In order to achieve the scalability of the scheduler, Borg employs score caching, grouping & treating tasks in equivalence classes, and performing relaxed randomization (basically sampling on machines). These reduced the scheduling time of a cell's entire workload from scratch from 3 days to a few 100s of seconds. Normally, an online scheduling pass over the pending queue completes in less than half a second.

Related work

There is the Apache Mesos project, which originated from a UC Berkeley class project. Mesos formed the basis for Twitter's Aurora, a Borg-like scheduler for long running services, and Apple's Jarvis, which is used for running Siri services. Facebook has Tupperware, a Borg-like system for scheduling containers on a cluster.

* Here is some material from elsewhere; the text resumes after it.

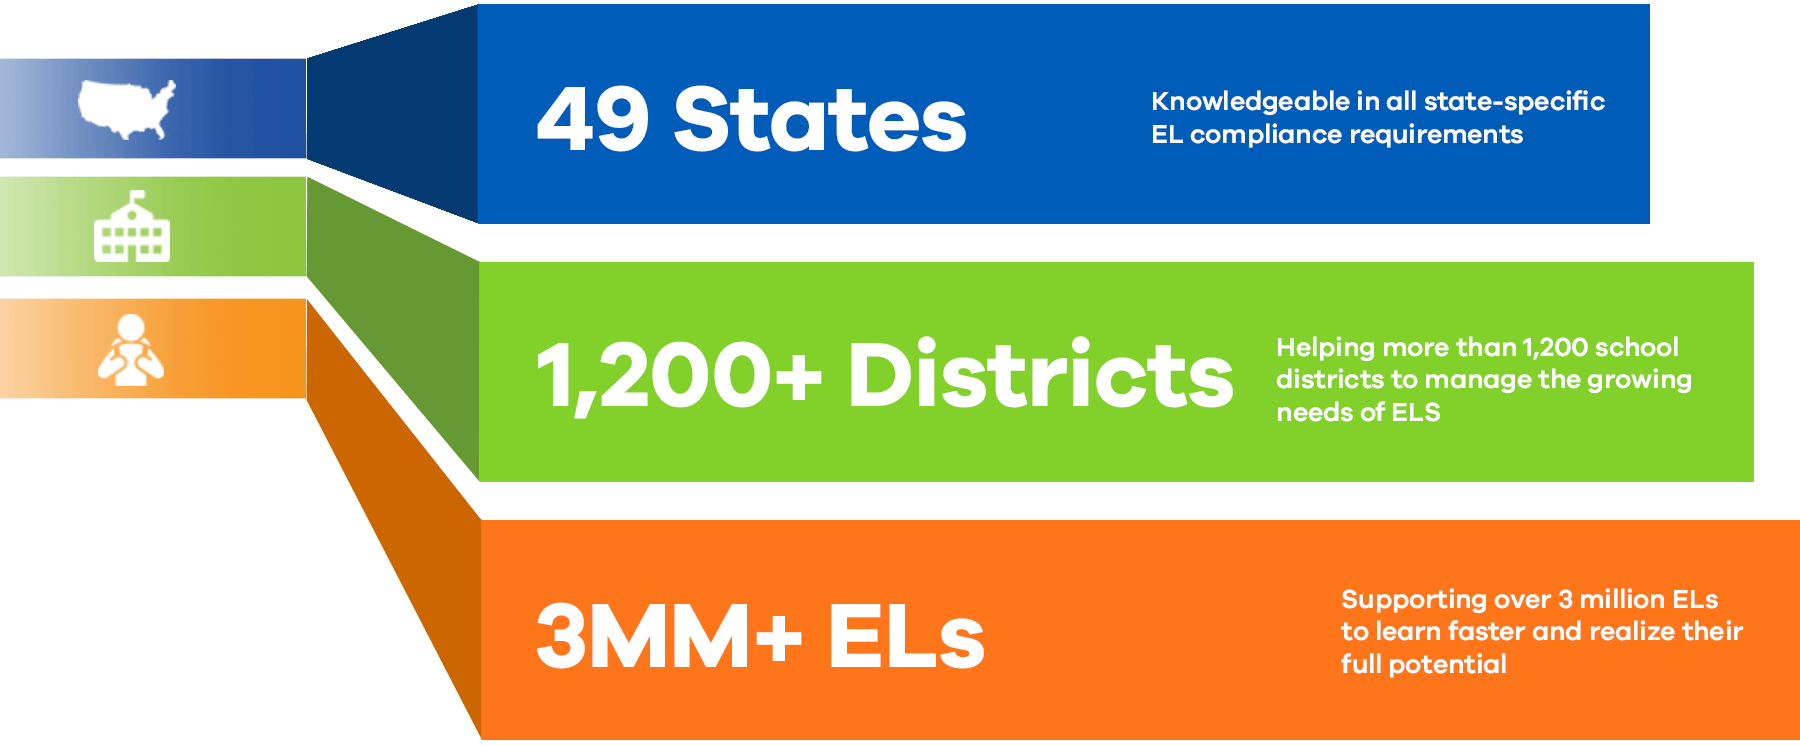 49 states 1,200 districts 2+ mm ELLs

AWS has ECS (EC2 Container Service) for managing jobs running on clusters. ECS has a state management system that runs Paxos to ensure a consistent and highly available view of the cluster state. (similar to the Borgmaster process). Instead of one scheduler, ECS employs distributed schedulers each interacting with the state management system. Each scheduler is responsible for a separate set of workers in order to avoid too many conflicts in scheduling decisions.

Microsoft has the Autopilot system for automating software provisioning, deployment, and system monitoring. Microsoft also uses the Apollo system   for scheduling which tops-off workers opportunistically with short-lived batch jobs to achieve high throughput, with the cost of causing (occasionally) multi-day queueing delays for lower-priority work.

Kubernetes is under active development by many of the same engineers who built Borg. Kubernetes builds/improves on Borg. In Borg, a major headache was caused due to using one IP address per machine. That meant Borg had to schedule ports as a resource coordinate with tasks to resolve port conflicts in the same machine. Thanks to the advent of Linux namespaces, VMs, IPv6, and software-defined networking, Kubernetes can take a more user-friendly approach that eliminates these complications: every pod and service gets its own IP address. Kubernetes is opensource.


Borg is all about scheduling computation but does not get into any data scheduling, transfer scheduling issues. Data (and data transfer) should also be treated as first class citizen in scheduling decisions, as with big data comes big costs and big delays. Wouldn't it be nice to have a data-scheduler/manager system collaborating with Borg help run a more efficient data center?